» **TO DO**
Only the lines from the start of the entries through the line with "Cultural Anthropology 102" should be returned, each exactly as it stands, and no pictures.
————————
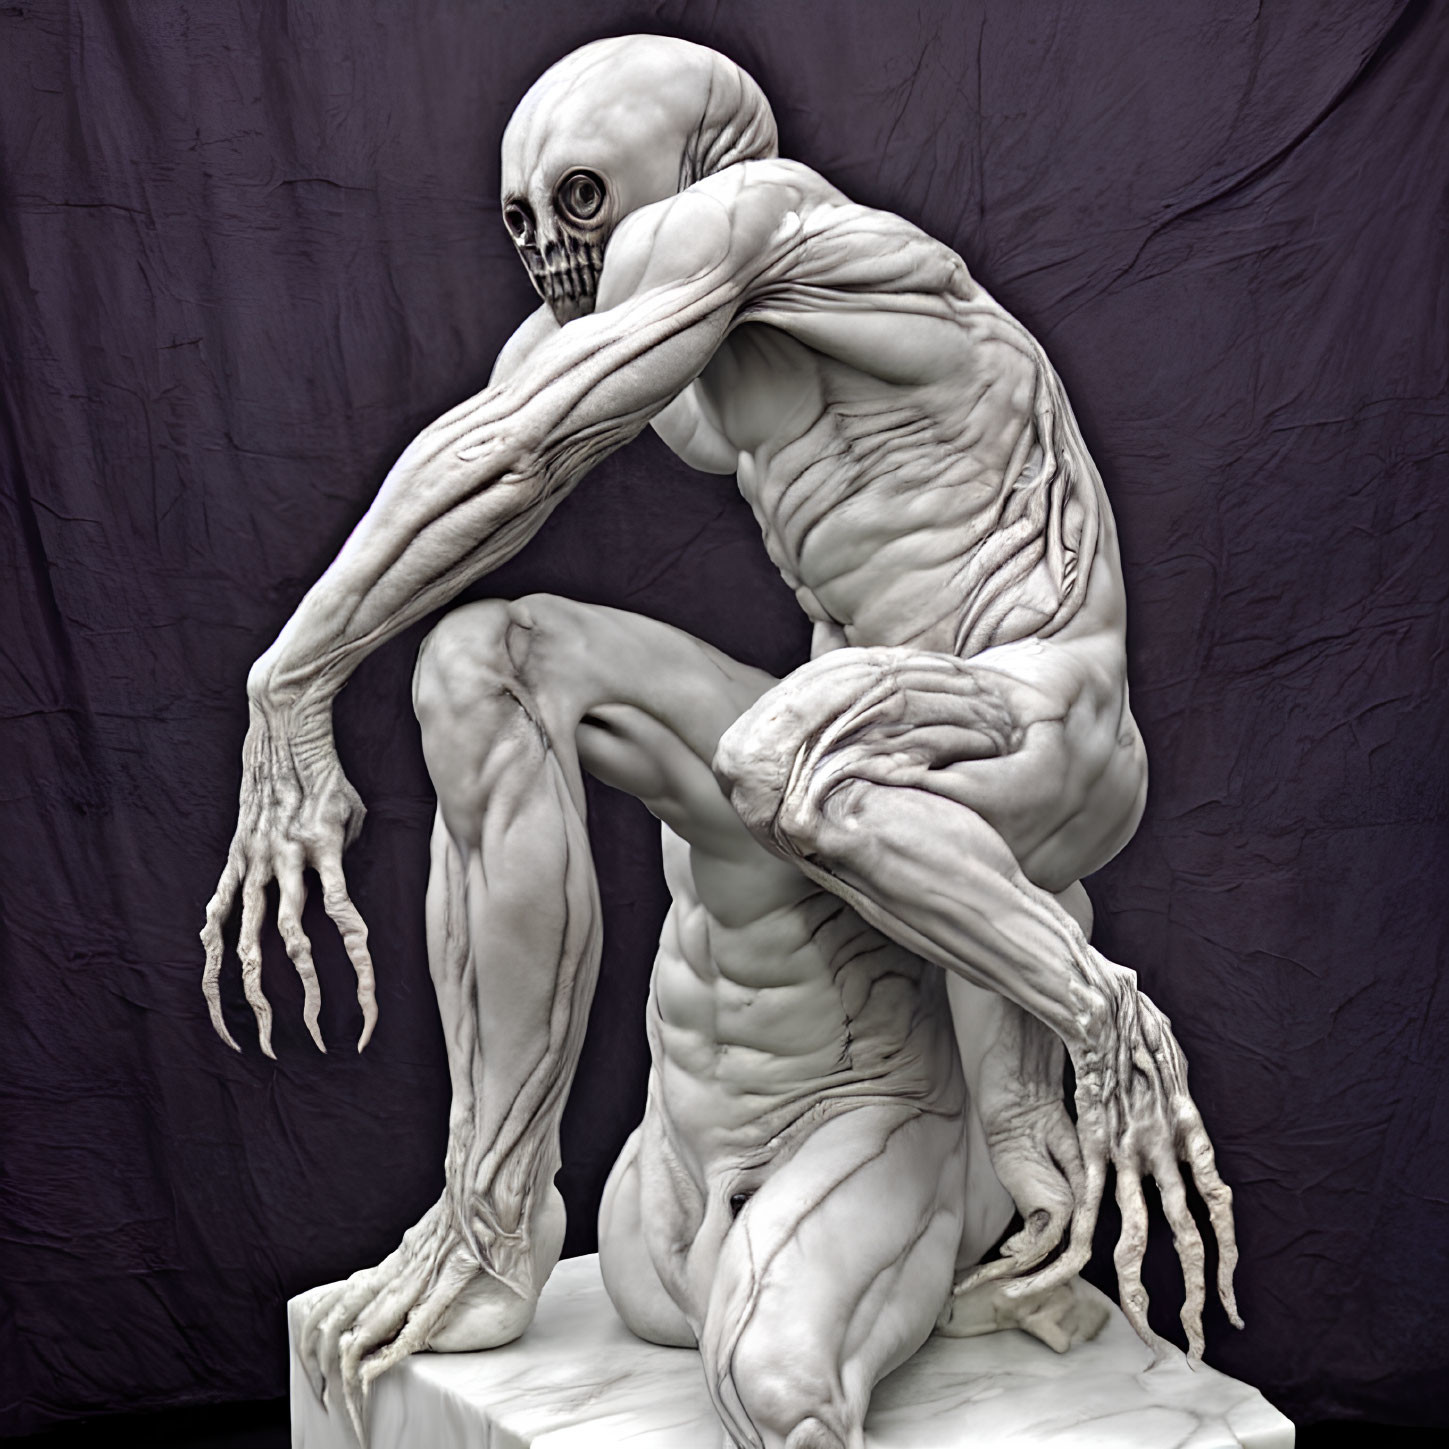 Elongated skull humanoid sculpture in crouched pose on purple background
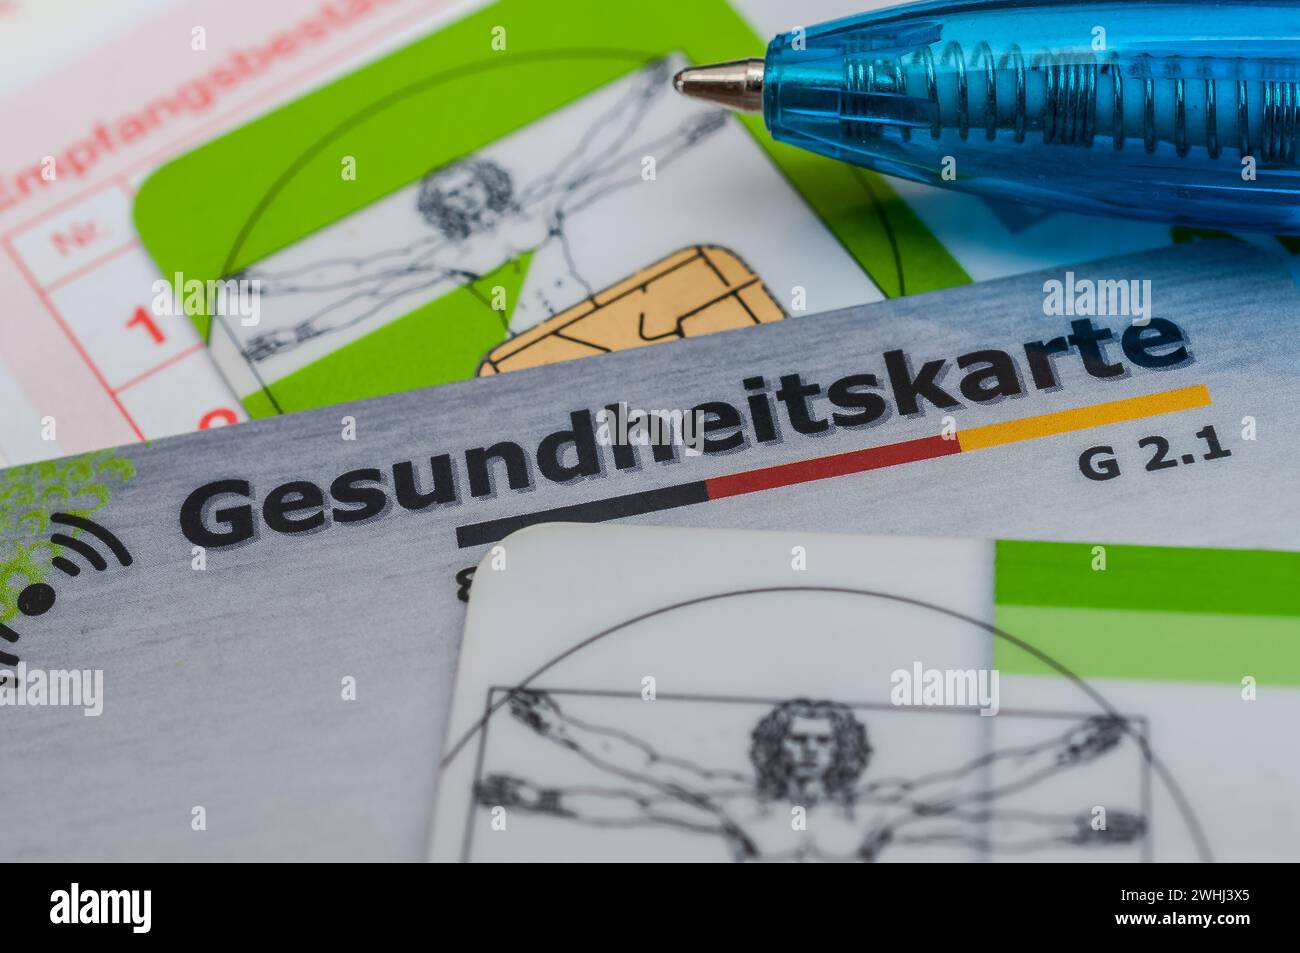 Health card of the health insurance funds in Germany G2.1 Stock Photo
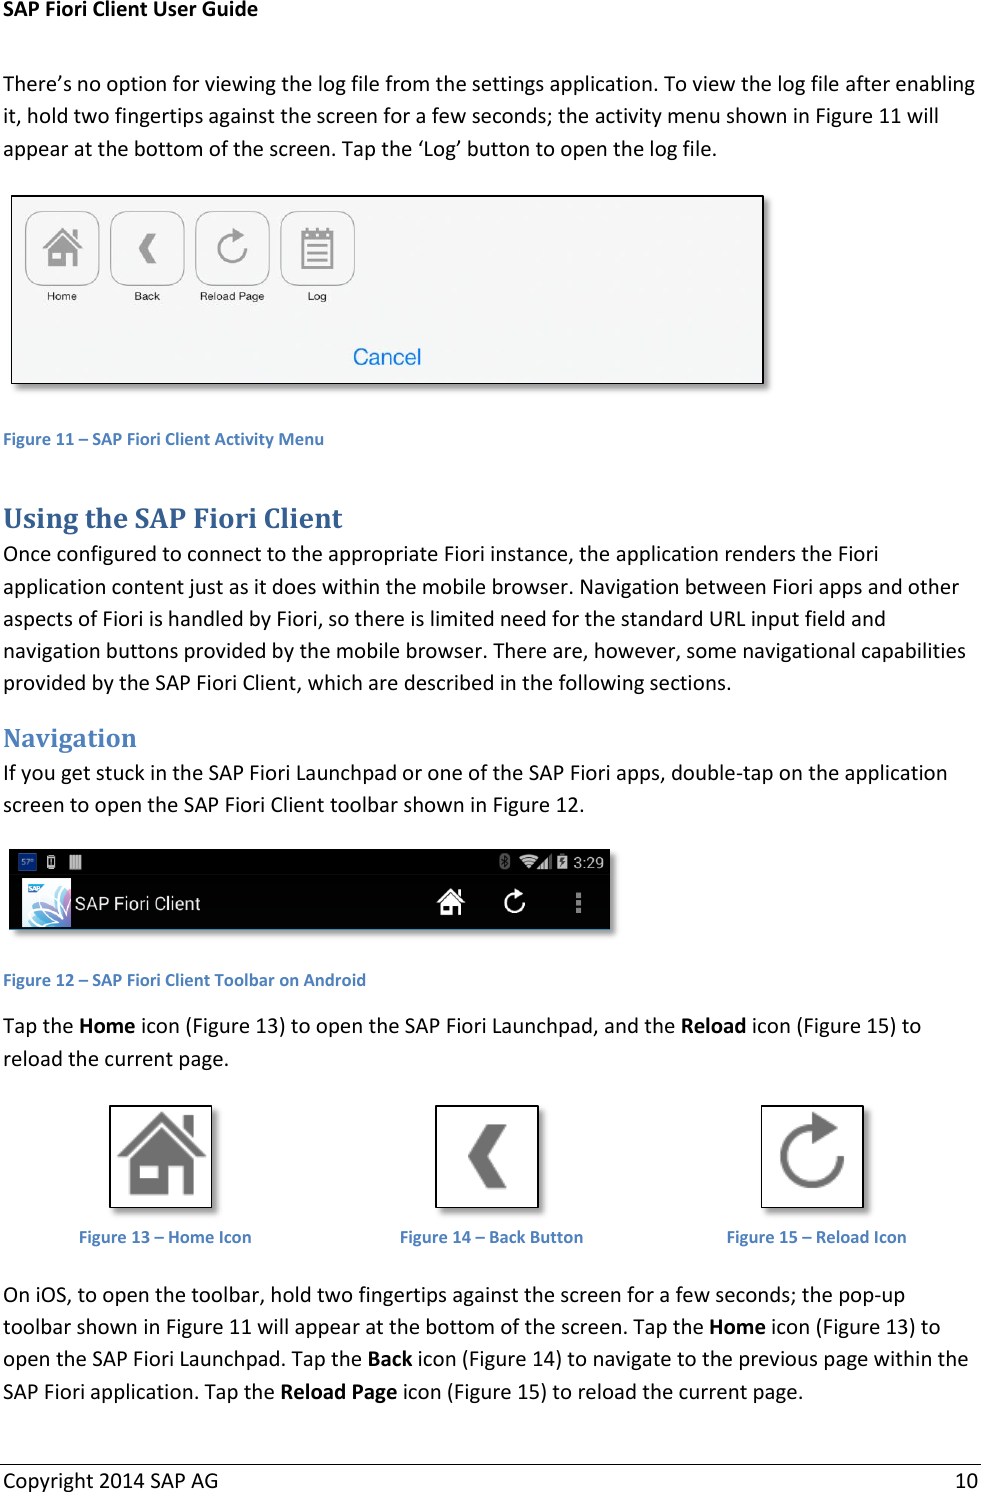 Page 11 of 12 - SAP Fiori Client User Guide
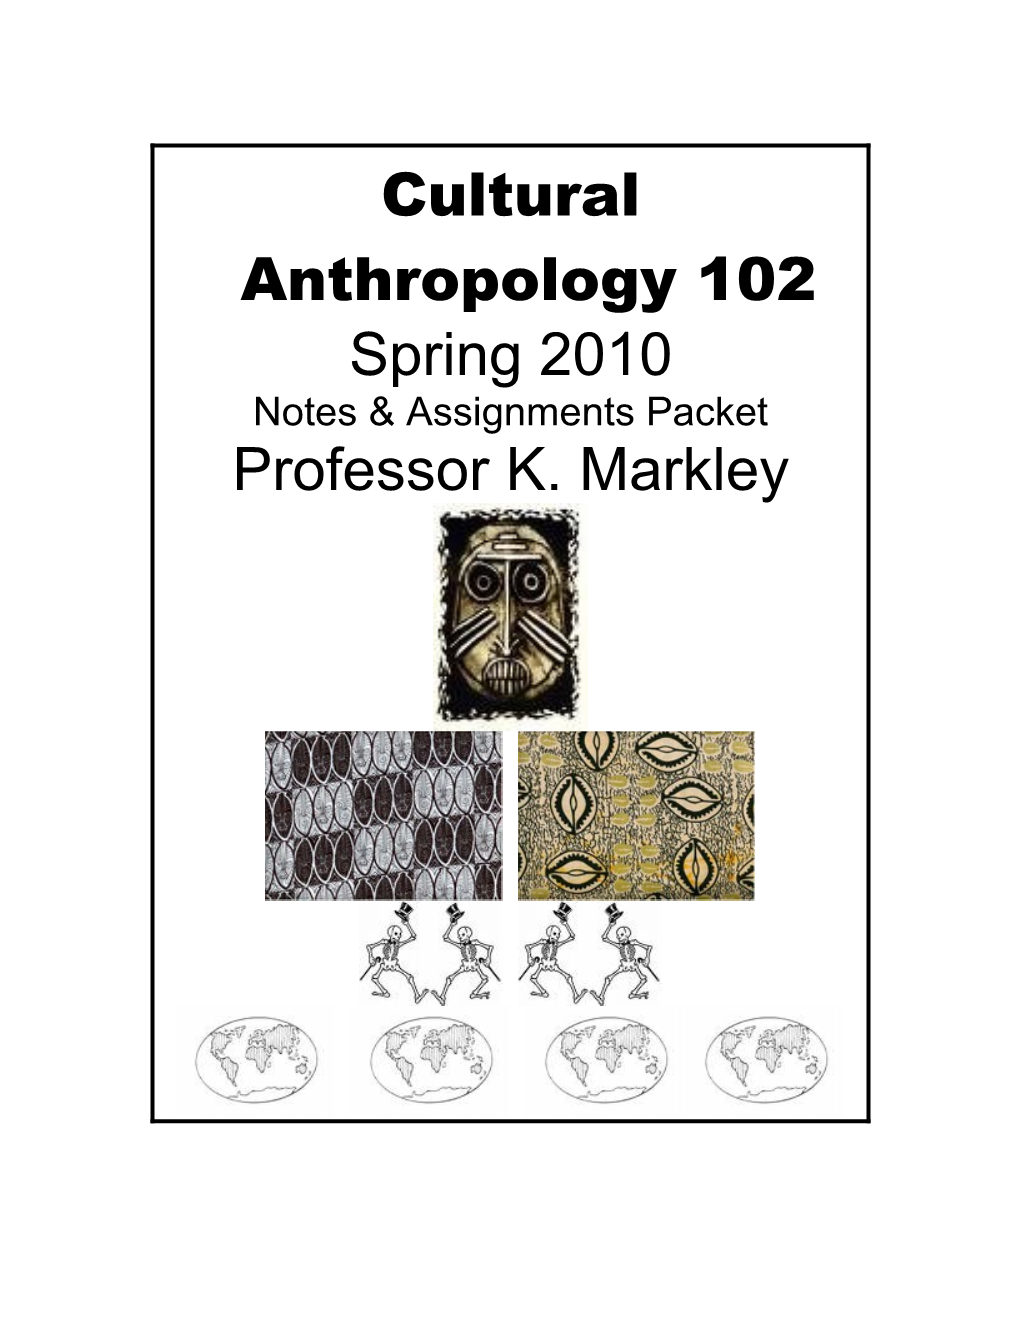 Cultural Anthropology 102
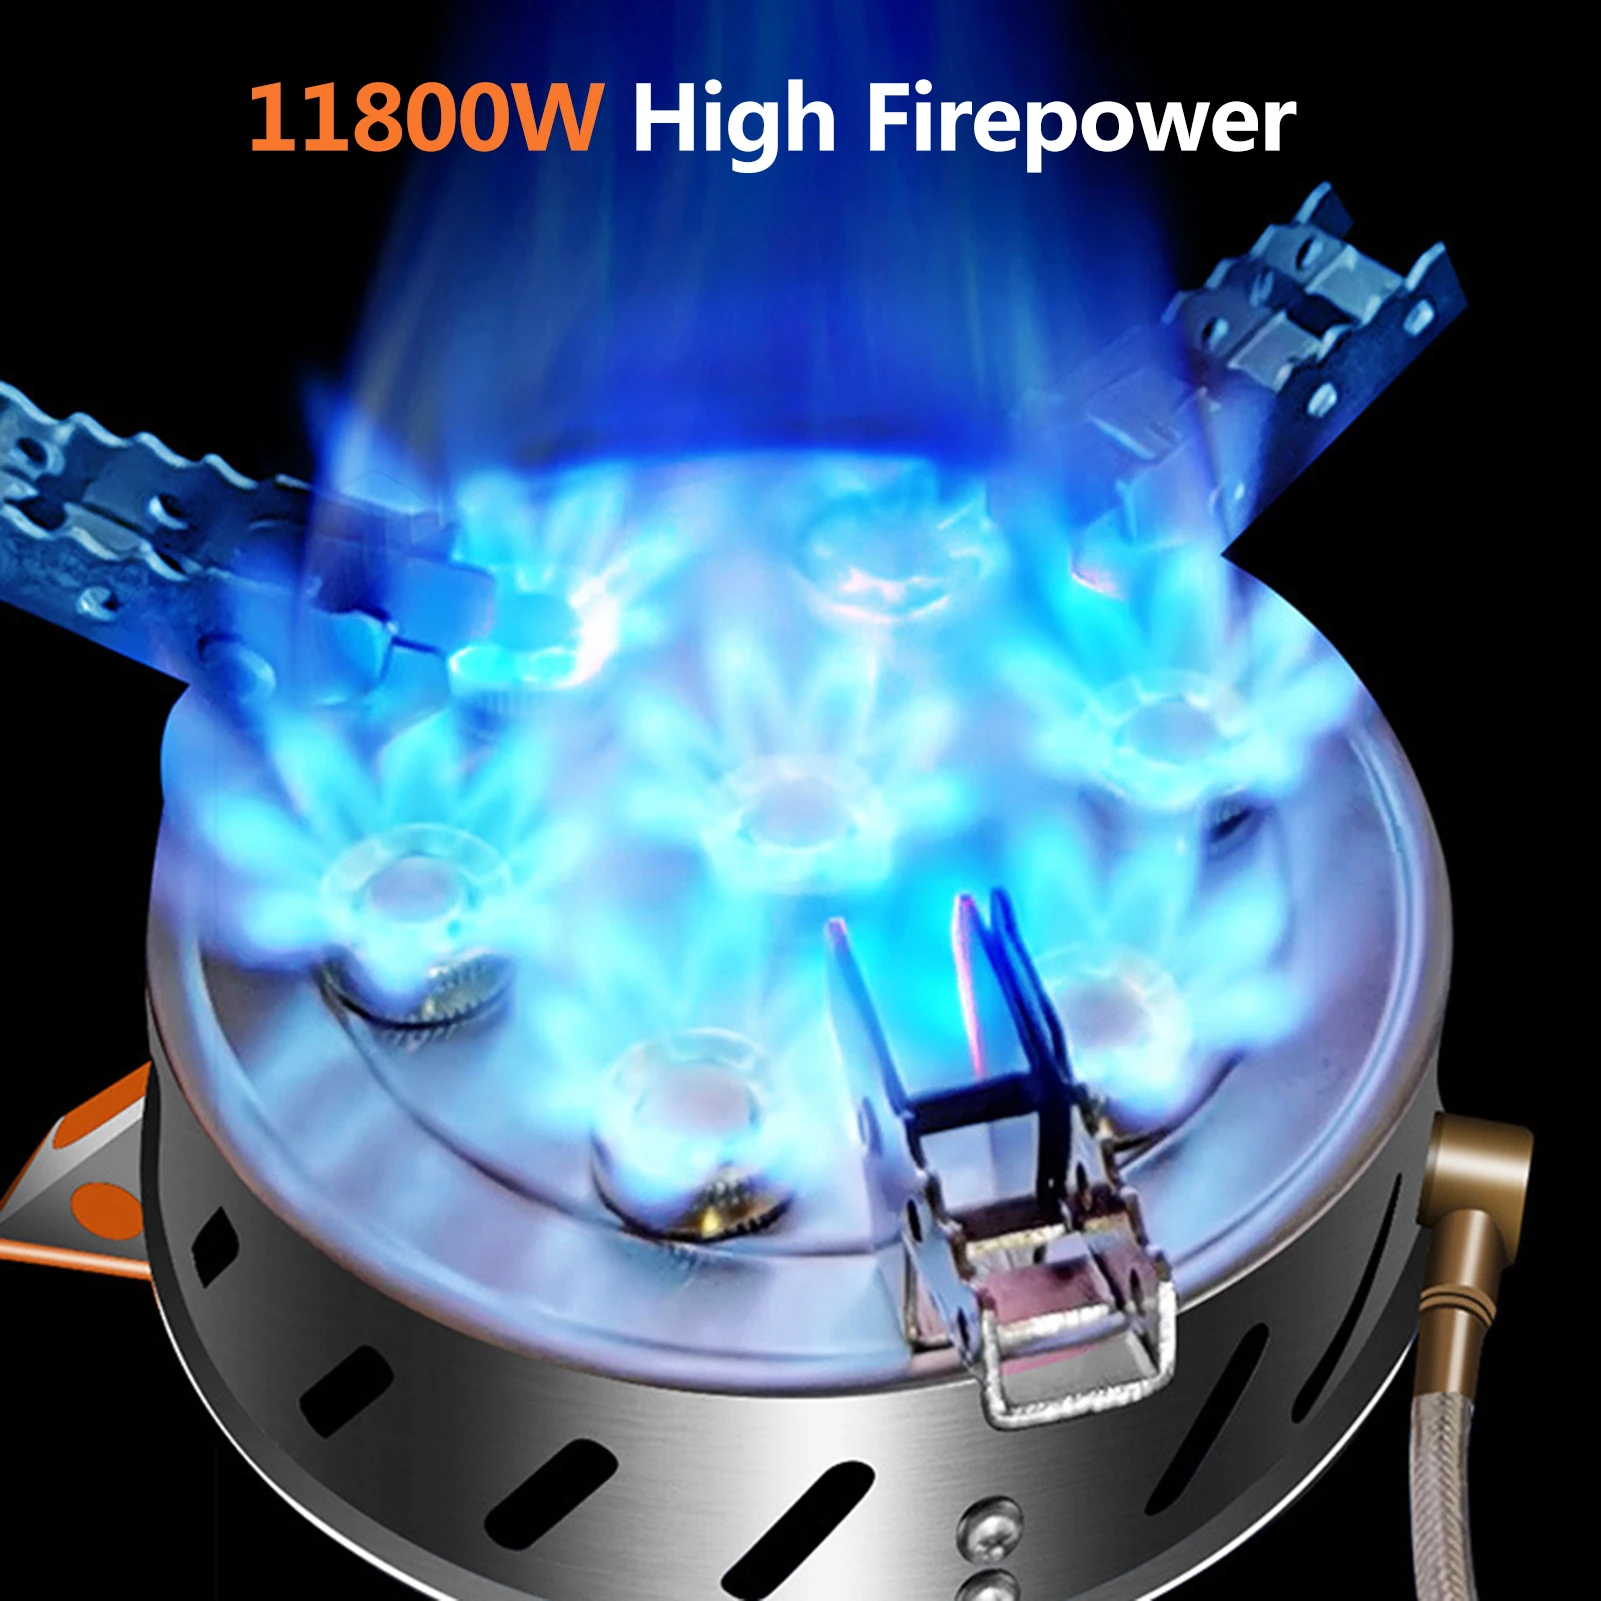 

12800W 7-Head Outdoor Stove Self-Driving Tour Stainless Steel Folding 9 Hole Fire Brimstone Stoves Gas Burner Camping Equipment
————————
» **FINAL ANSWER**
 Elongated skull humanoid sculpture in crouched pose on purple background
 Health card of the health insurance funds in Germany G2.1 Stock Photo
 Page 11 of 12 - SAP Fiori Client User Guide
 Cultural Anthropology 102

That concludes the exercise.